Start of Dataset excerpt

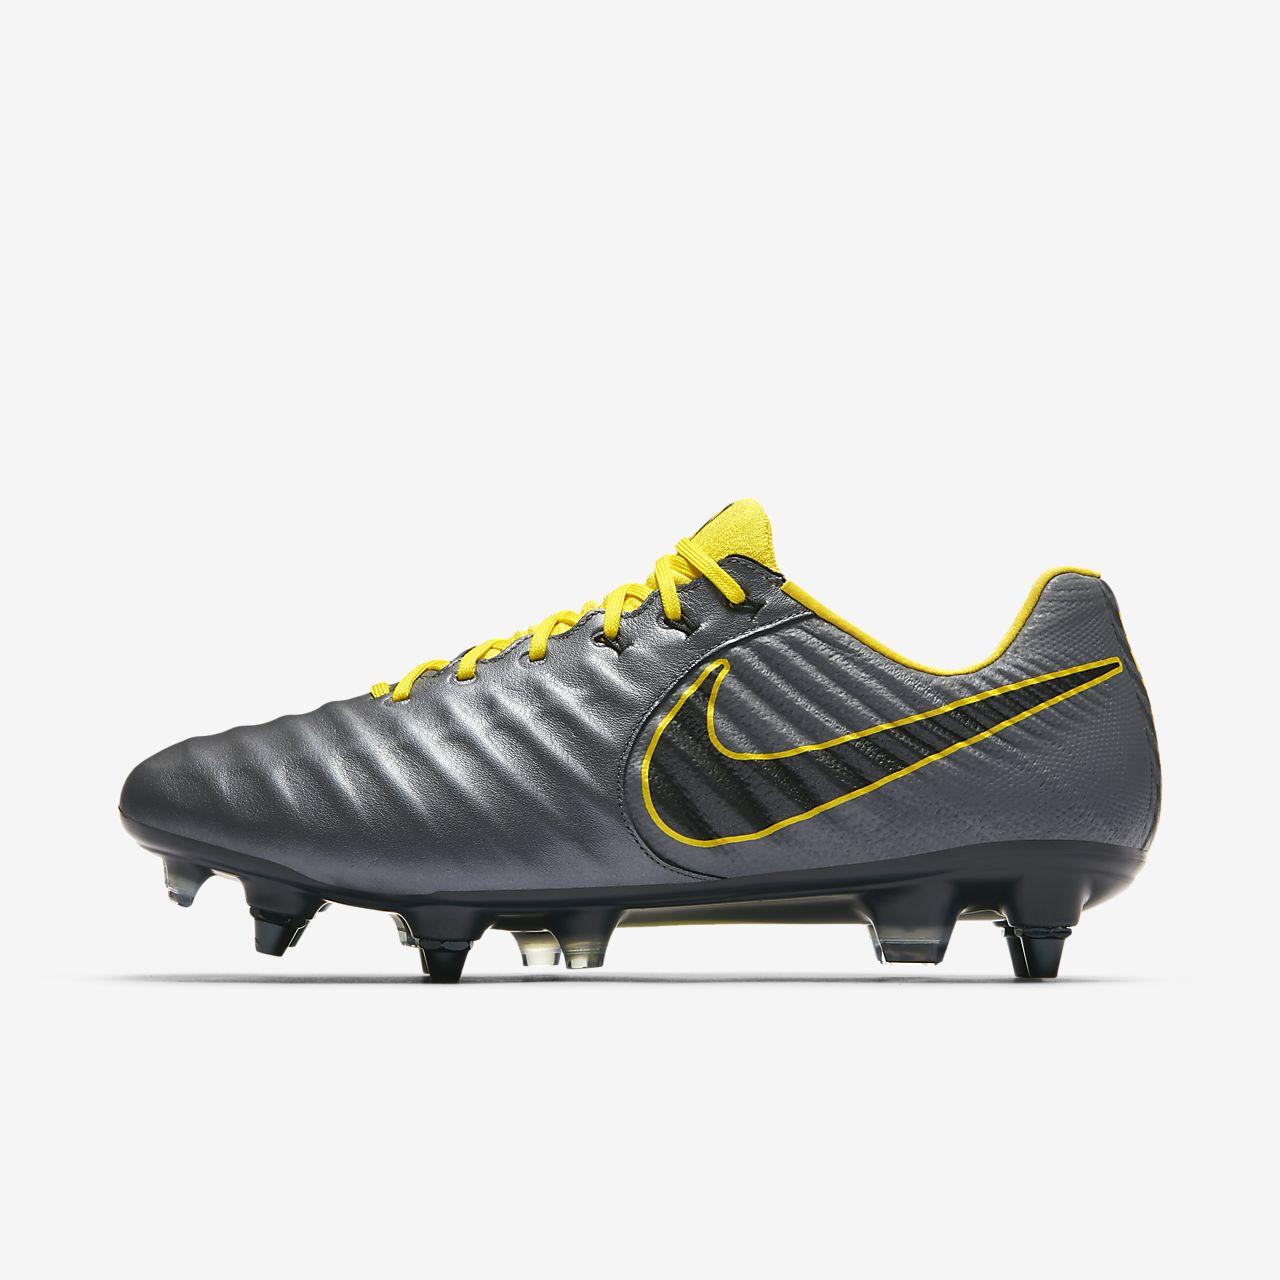 9e39dc3985403 ... Nike Tiempo Legend VII Elite SG-Pro Anti-Clog Botas de fútbol para  terreno
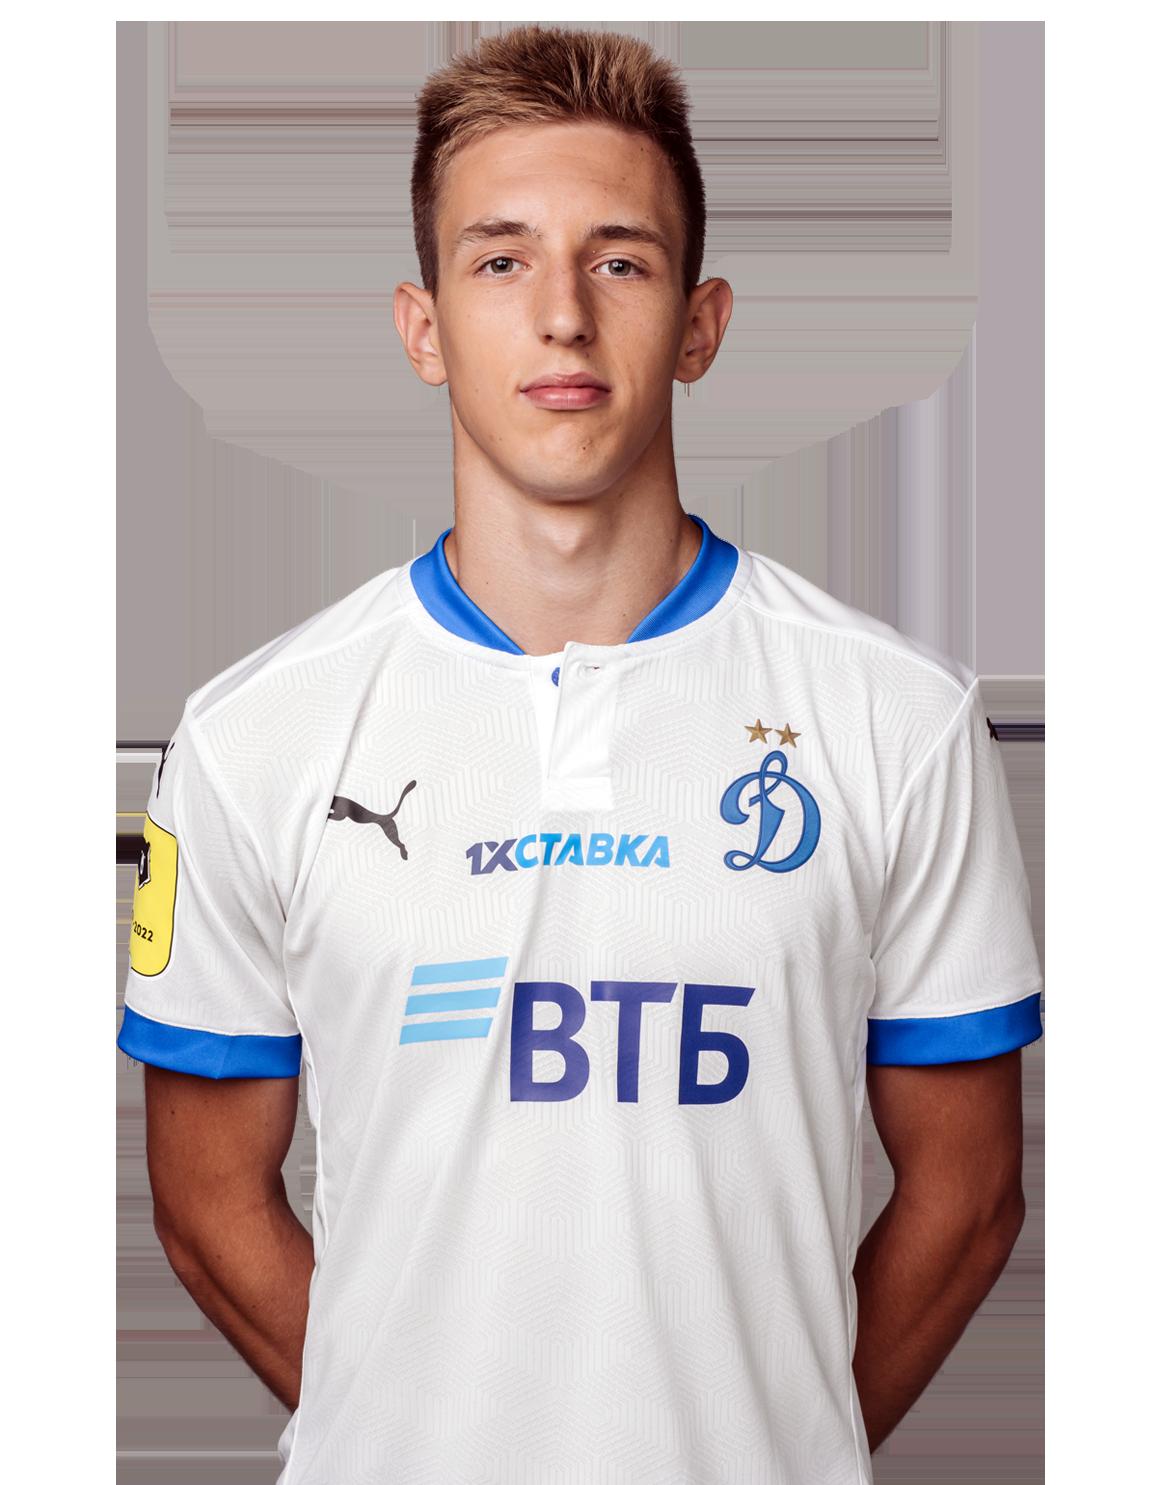 Ярослав Гладышев
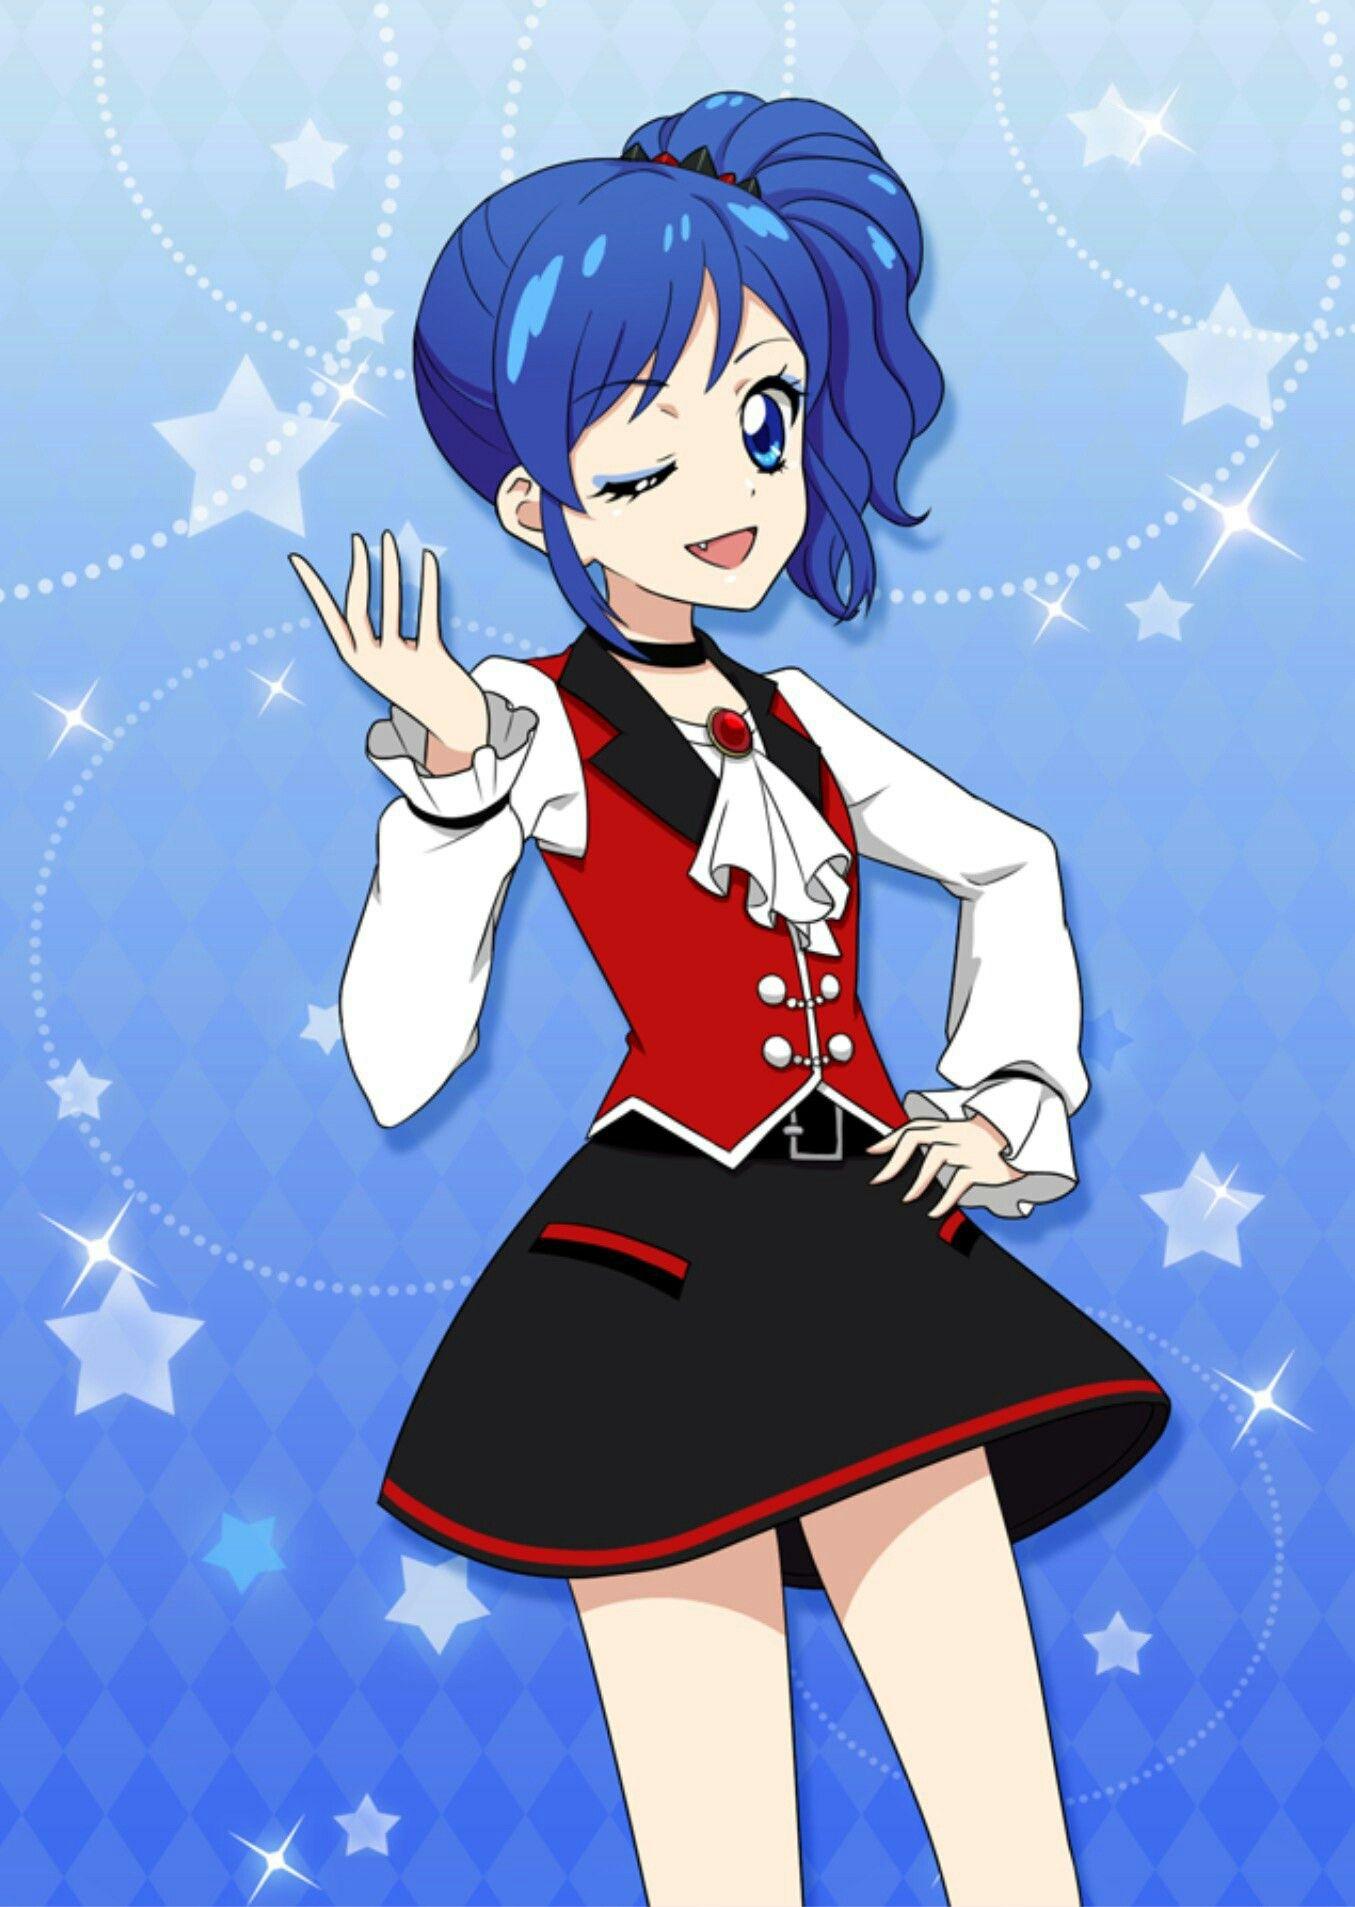 Aoi Look Like Vampire Anime Dress Sora Chibi Manga Miku

End of Dataset excerpt

__Work to complete__
Could you reproduce the data above exactly, without its pictures?

__Solution to this exercise__
 9e39dc3985403 ... Nike Tiempo Legend VII Elite SG-Pro Anti-Clog Botas de fútbol para  terreno
 Ярослав Гладышев
 Aoi Look Like Vampire Anime Dress Sora Chibi Manga Miku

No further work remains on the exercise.